== Your instructions ==
Copy out and return the lines from the one holding "Khloe Kardashian Unveils" to the end of the listing below, both included, omitting the pictures.

== Supplied data ==
########
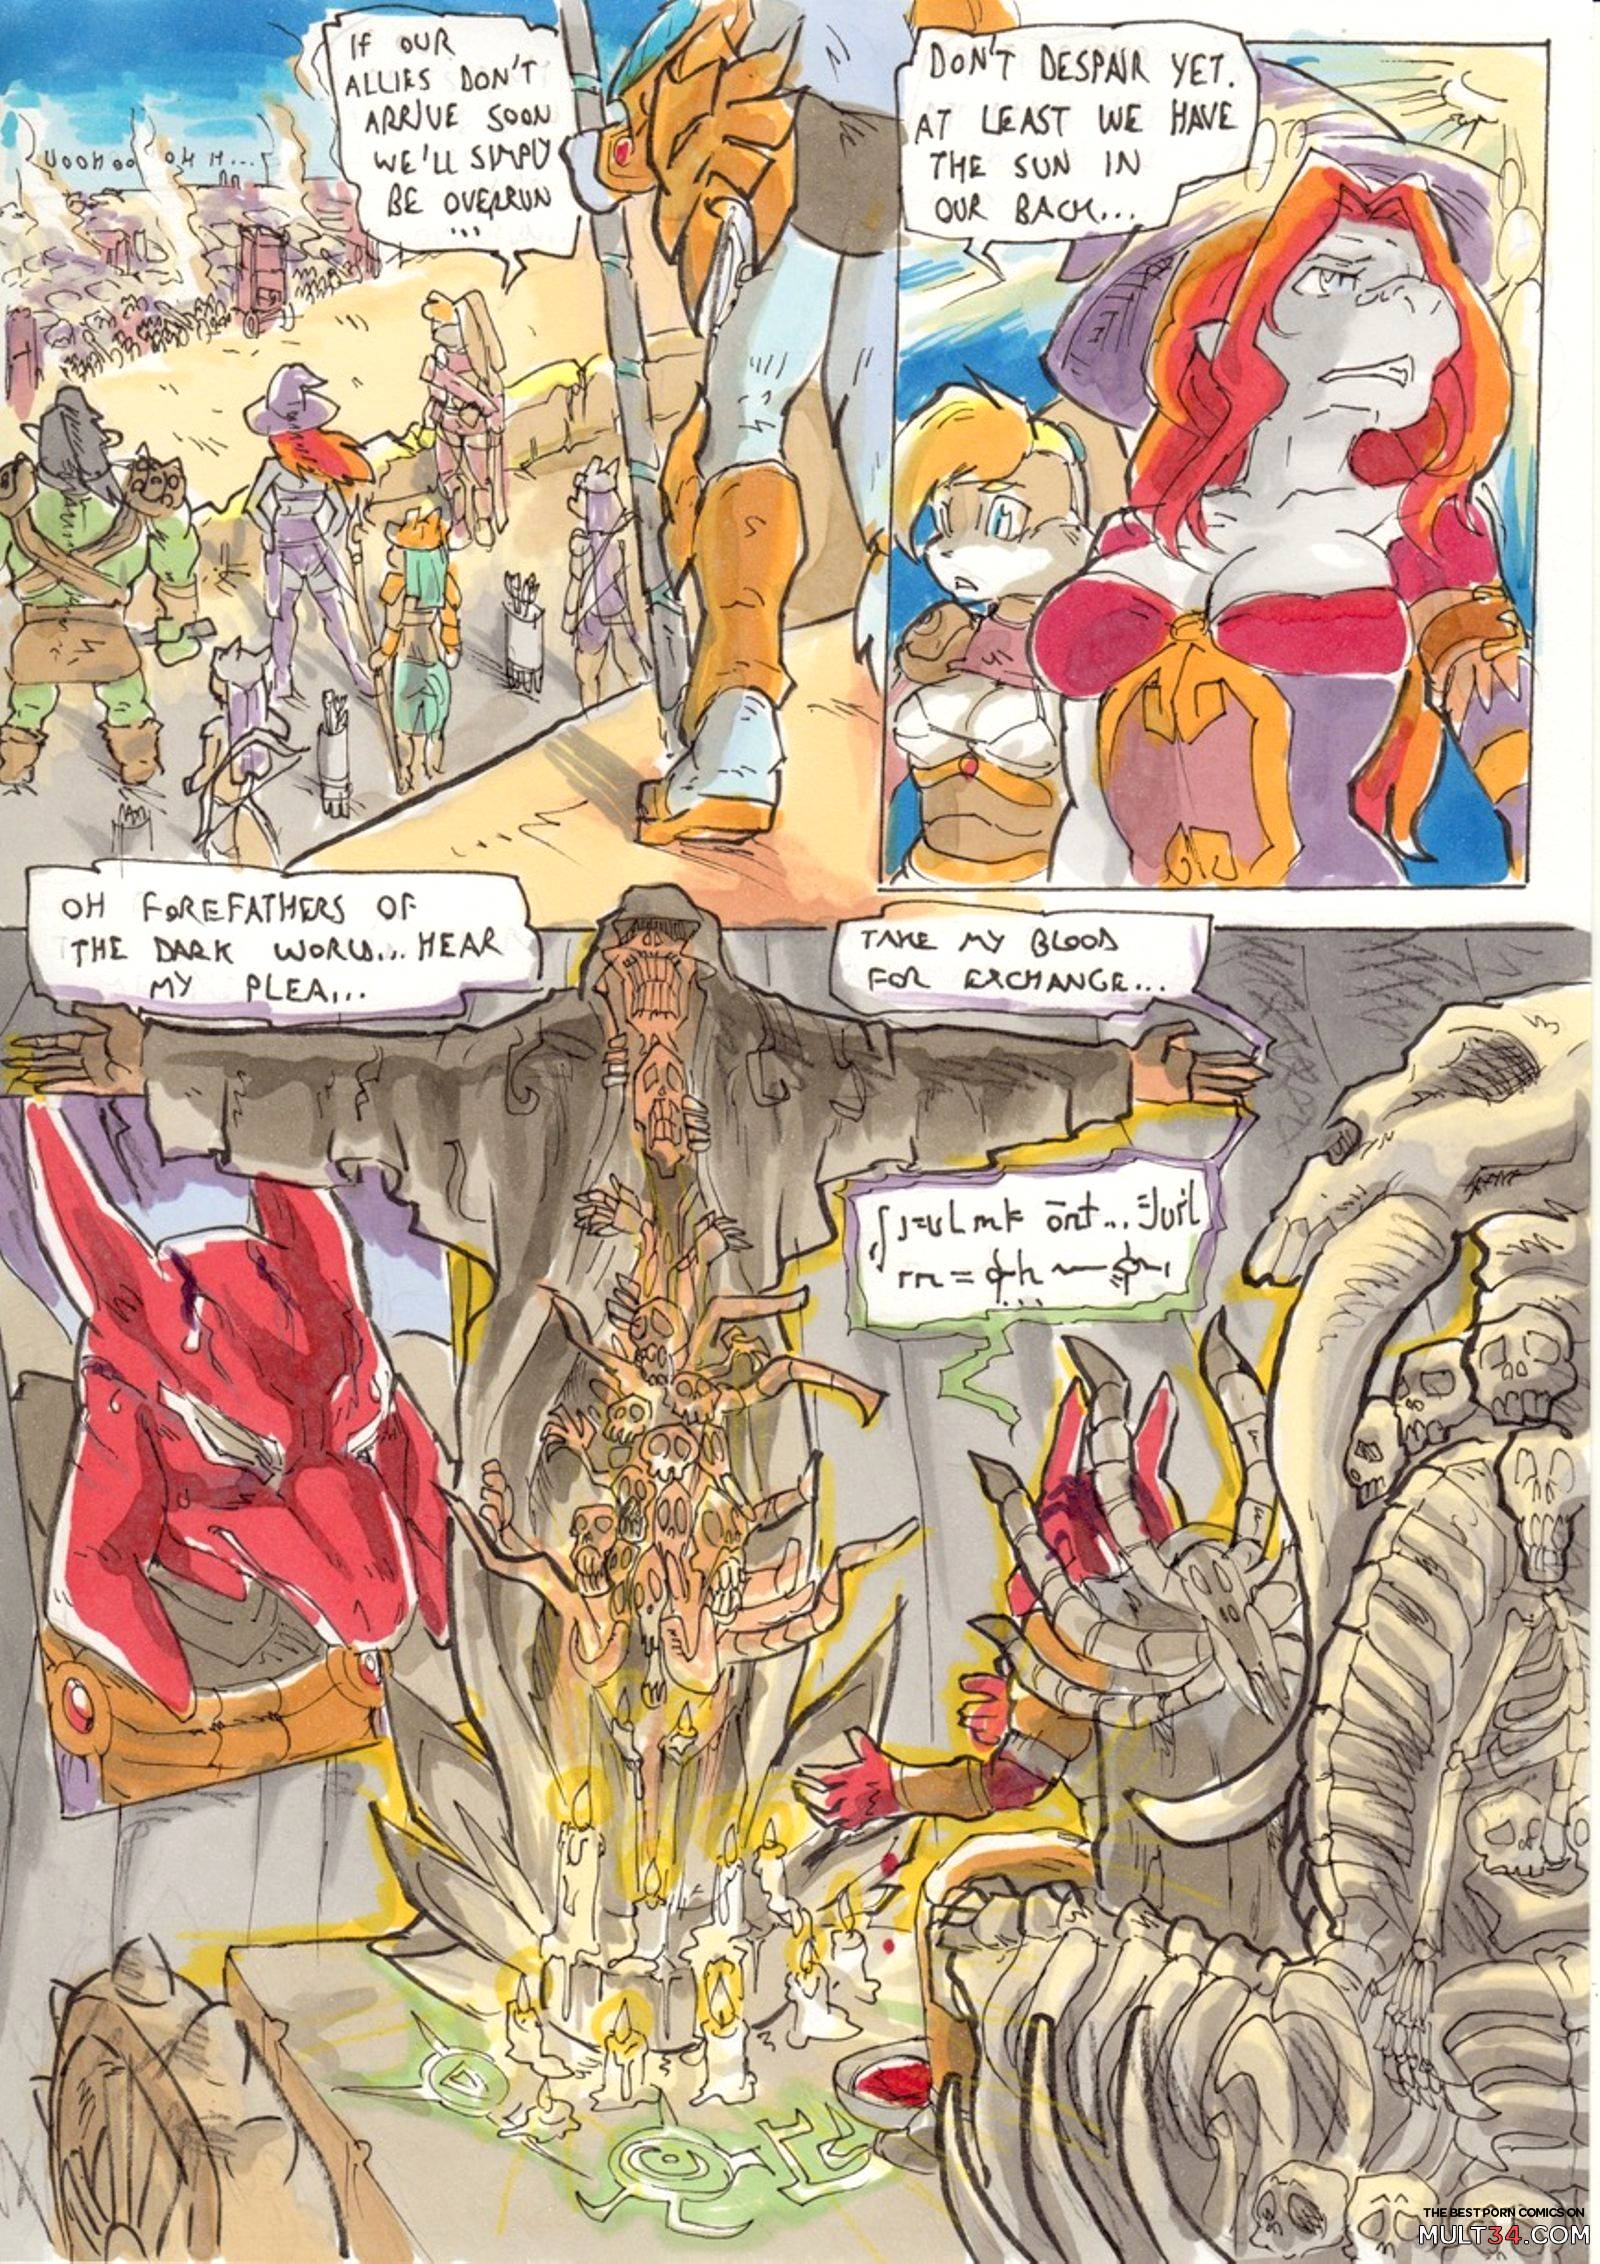 Anubis Stories 5 - The Battle for Anubipolis page 3
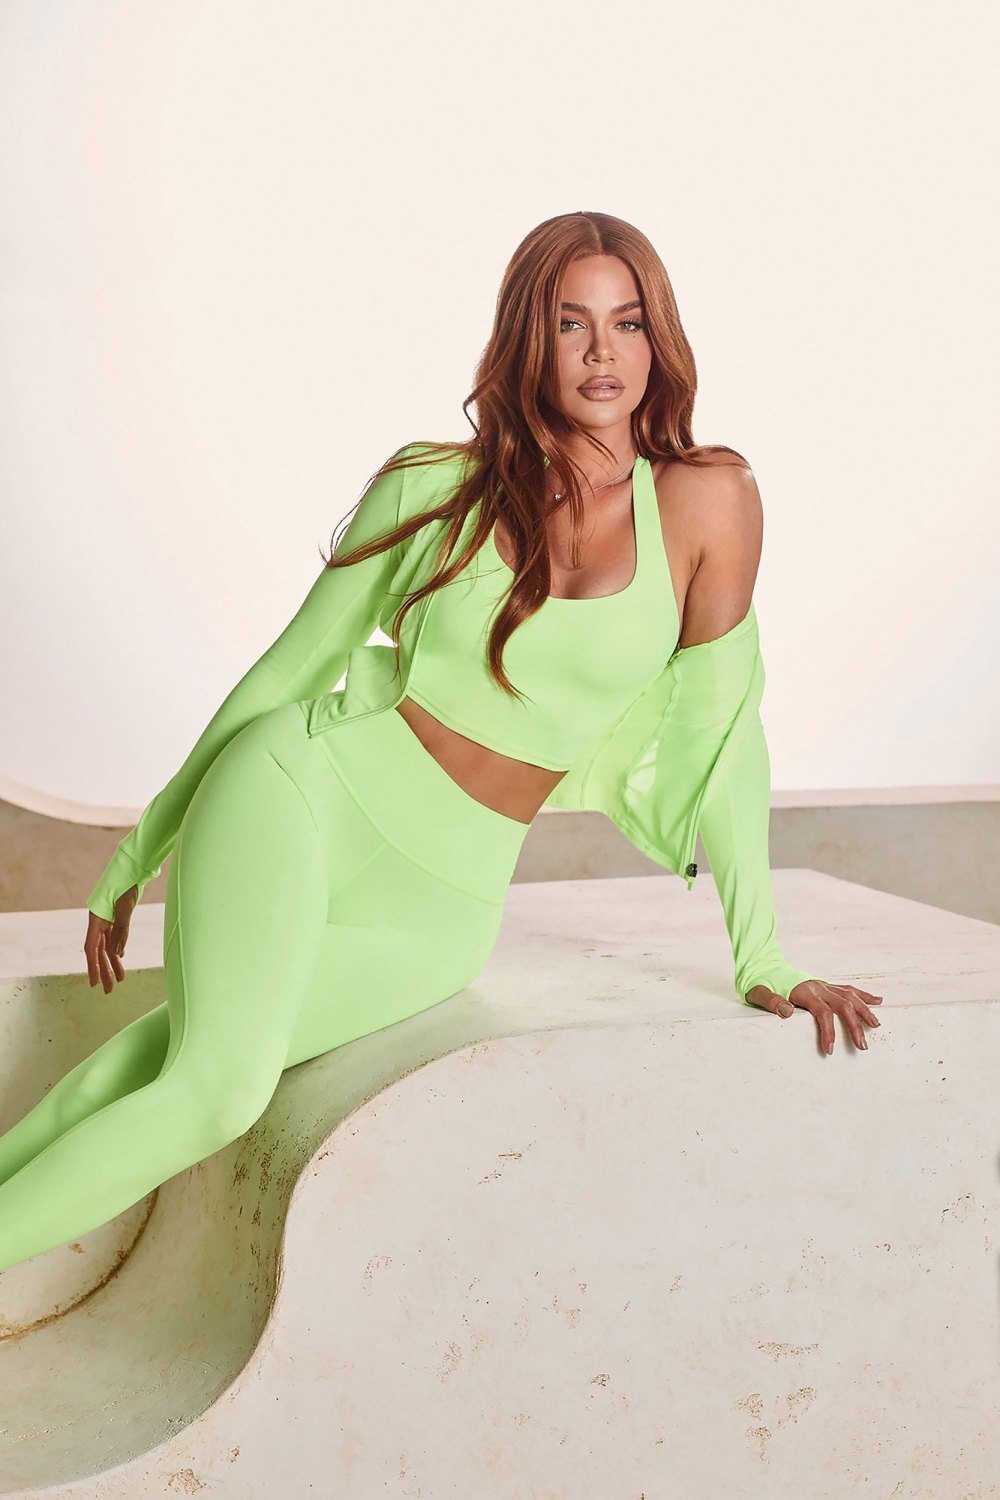 Khloe Kardashian Unveils Red Hair in Fabletics Campaign 4
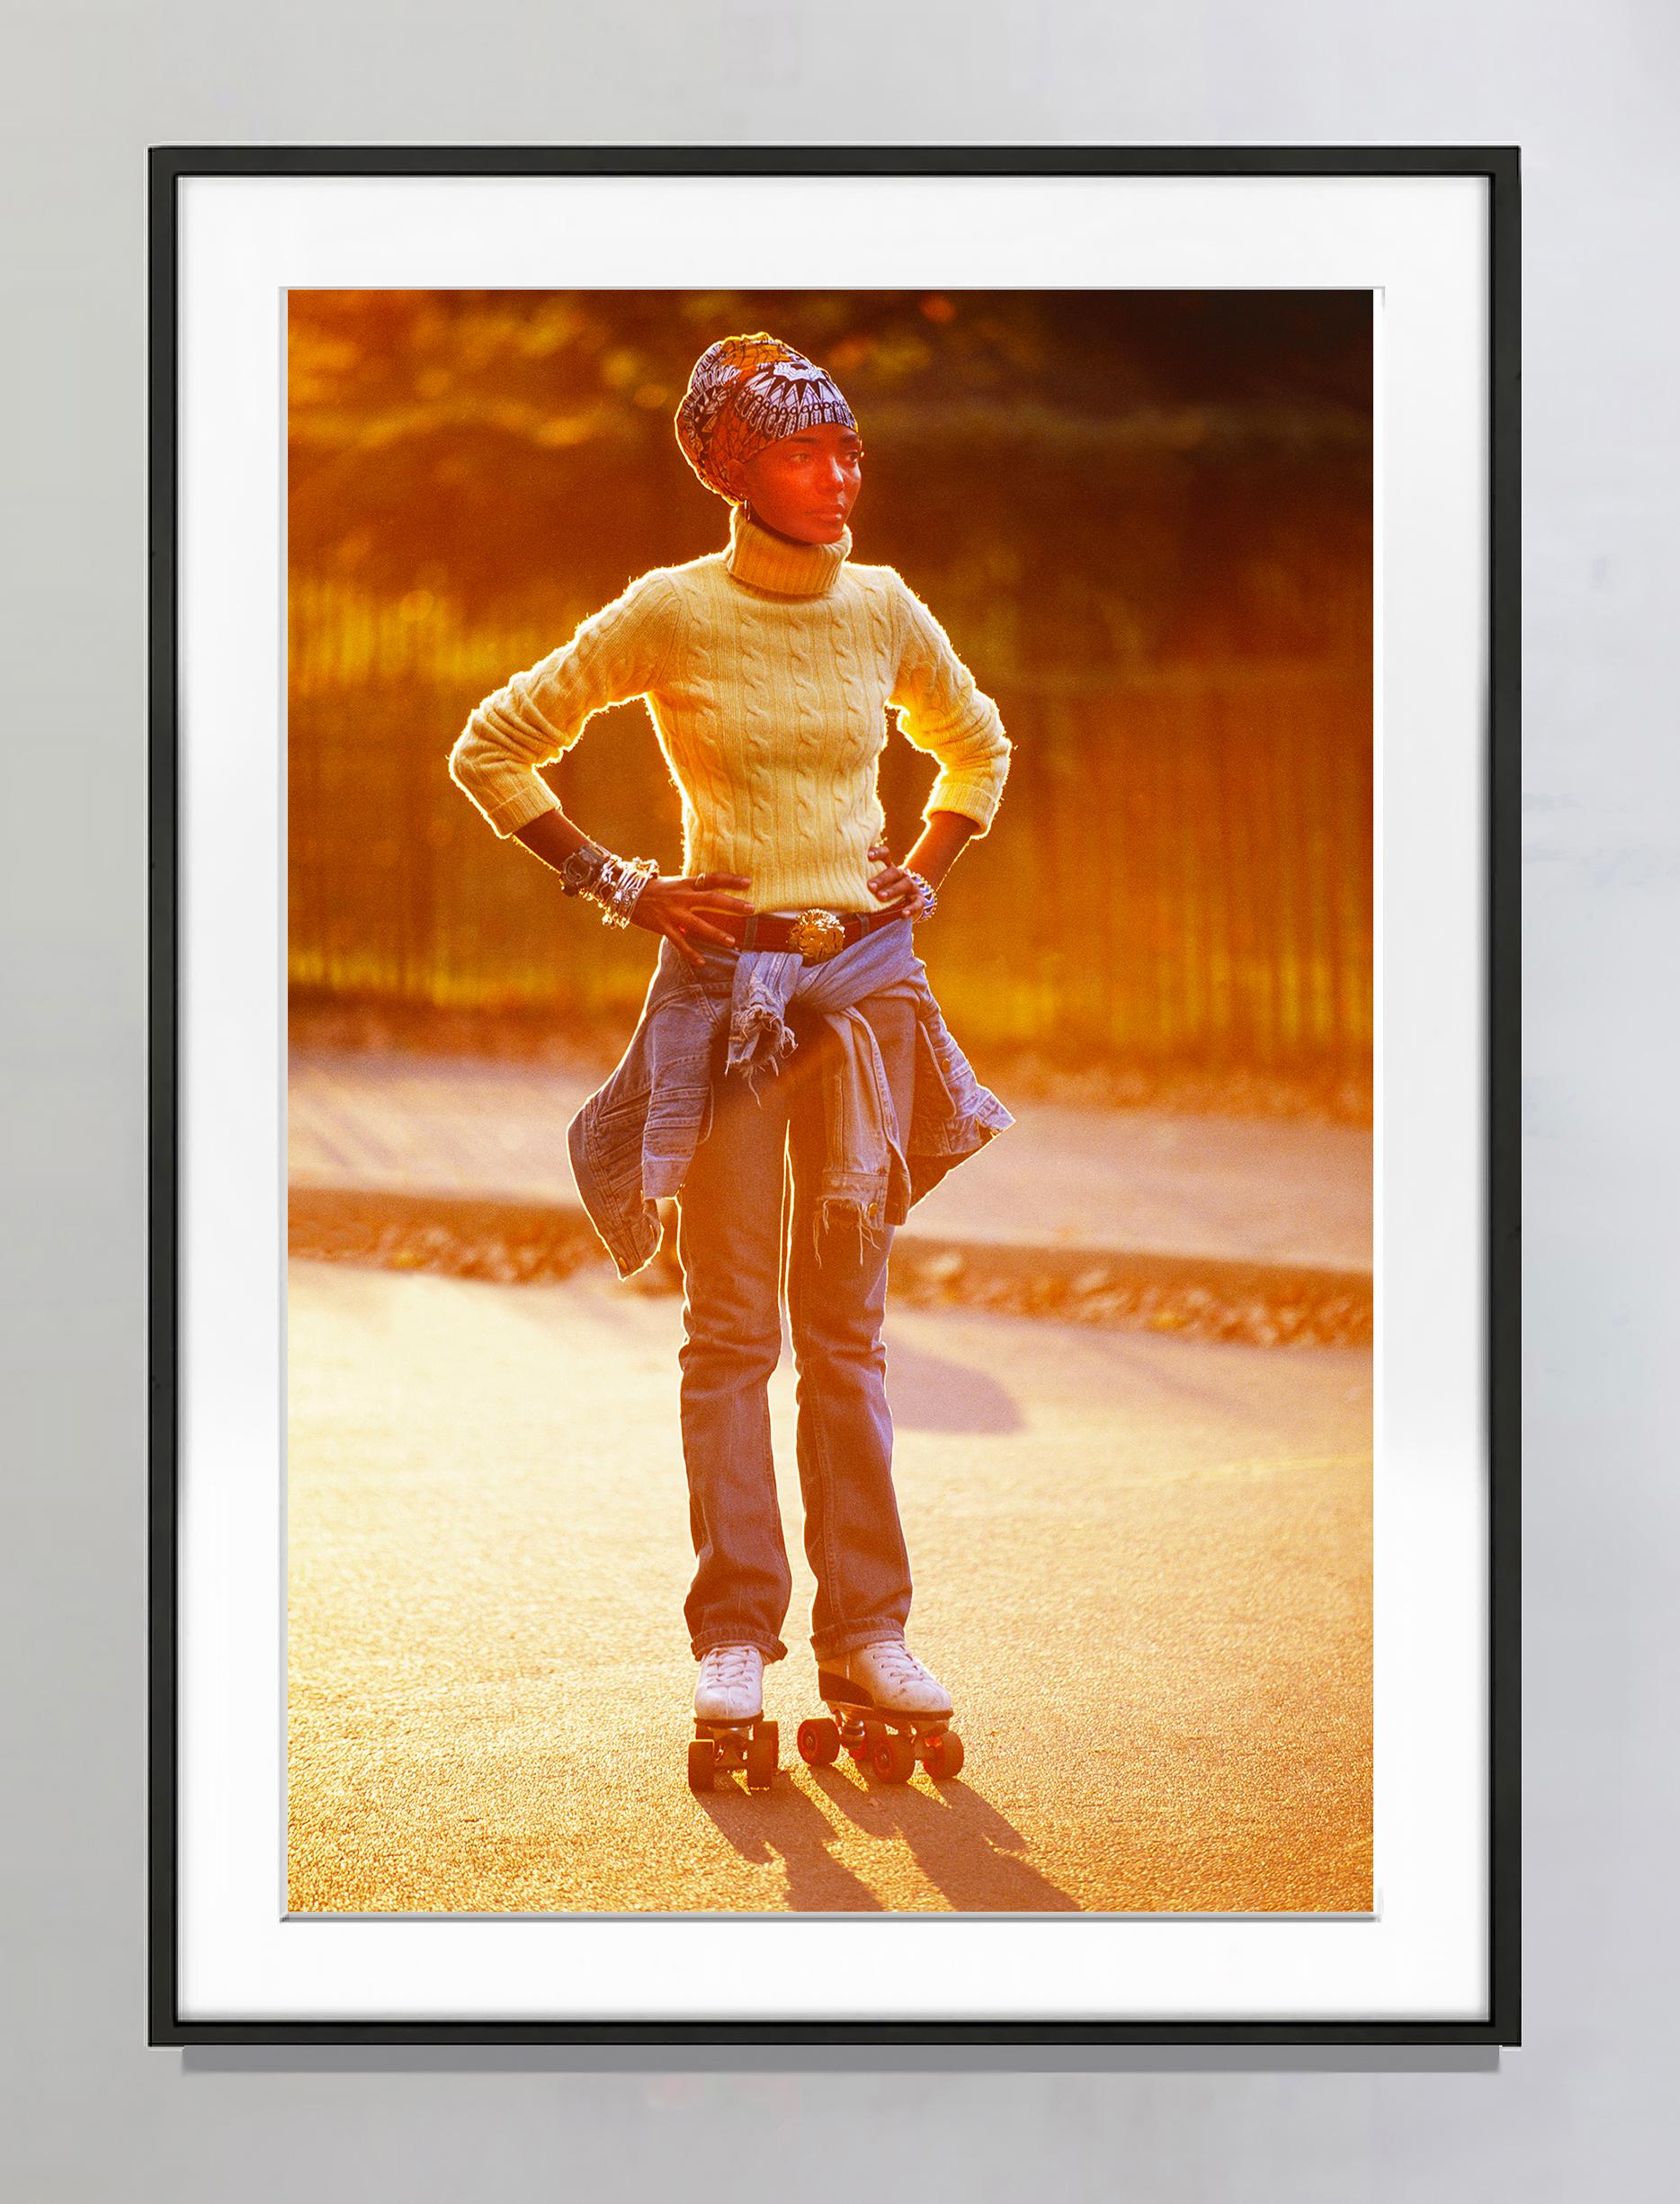 Hip Beautiful Black Female Roller Skates in Central Park Soaked in Golden Light  - Photograph by Mitchell Funk
########
== Task answer ==
 Khloe Kardashian Unveils Red Hair in Fabletics Campaign 4
 Hip Beautiful Black Female Roller Skates in Central Park Soaked in Golden Light  - Photograph by Mitchell Funk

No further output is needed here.